And then, as those stern-faced, watching, listening men, rifles in hand, almost side by side, waited there, out from behind this bend shot a canoe.
“My God, it’s Pete Bolduc! Look out!” almost yelled Levi, and “Halt! Surrender!” from Hersey, as two rifles were levelled at the oncomer. Then one instant’s sight of a red and scarred face, a quick reach for a rifle, a splash of water, an overturned canoe, and with a curse the astonished half-breed dived into the undergrowth.
Two rifles spoke almost at the same instant from the waiting canoes, one answered from out the thicket.
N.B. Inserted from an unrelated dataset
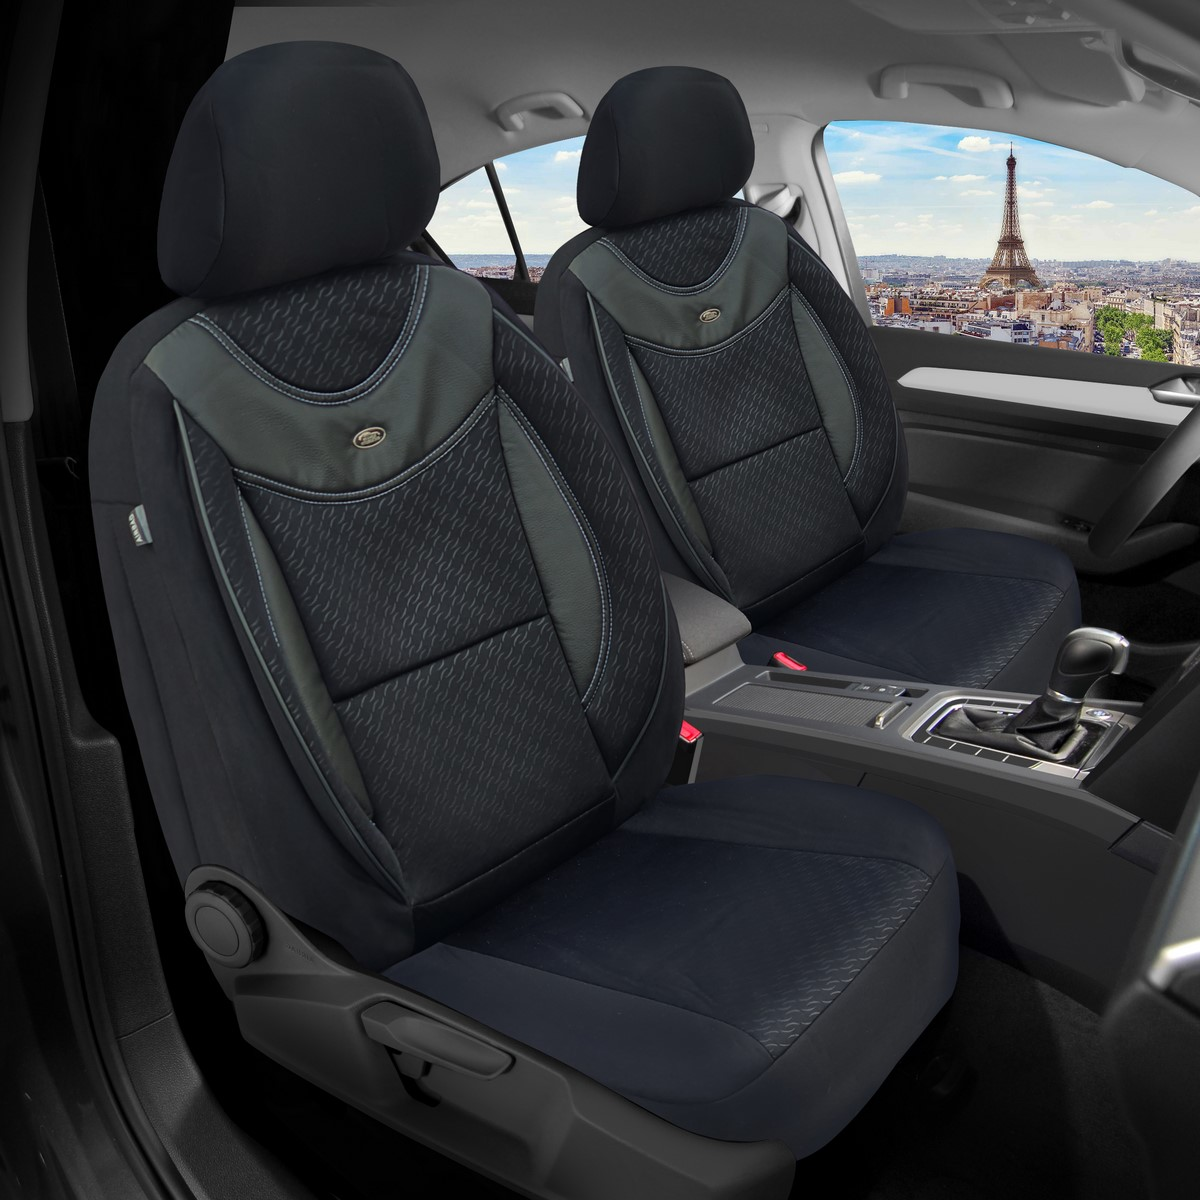 Maß Sitzbezüge Lexus CT 200h Fahrer /& Beifahrer ab 2010 FB:G102

A thrashing, struggling something in the filled canoe next caught all eyes, and Levi, leaping into the waist-deep stream, grasped and lifted a dripping form.
It was Chip!
A brief yet bloodless tragedy, all over in less time than the telling; yet a lifetime of horror had been endured by that waif, for as Levi bore her to the bank, cut the thongs that bound her, and freed her mouth from a pad of deerskin, she grasped his hand and kissed it.
And then came another surprise; for down a sloping, thick-grown hillside, something was heard thrashing, and soon Old Tomah, his clothing in shreds, his face bleeding, appeared to view.
Calculating to a nicety where he could best intercept and head off the escaping half-breed, he had crossed four miles of pathless undergrowth in less than an hour, and reached the stream at the nearest point after it left the lake.
How Chip, still sobbing from the awful agony of mind, and dripping water as well, greeted Old Tomah; how Hersey, chagrined at the escape of the half-breed, gave vent to muttered curses; how Martin joined them in thought; and how they all gathered around Chip and listened to her tale of horror, are but minor features of the episode, and not worth the telling.
When all was said and done, Old Tomah, grim and silent as ever, although he had done what no white man could do or would try to do, washed his bloody face in the stream, drank his fill of the cool water, and lifting Pete’s half-filled canoe as easily as if it were a shingle, tipped it, turned the water out, and set it on the sloping bank.
“Me take you back and watch you now,” he said to Chip. “You no get caught again.”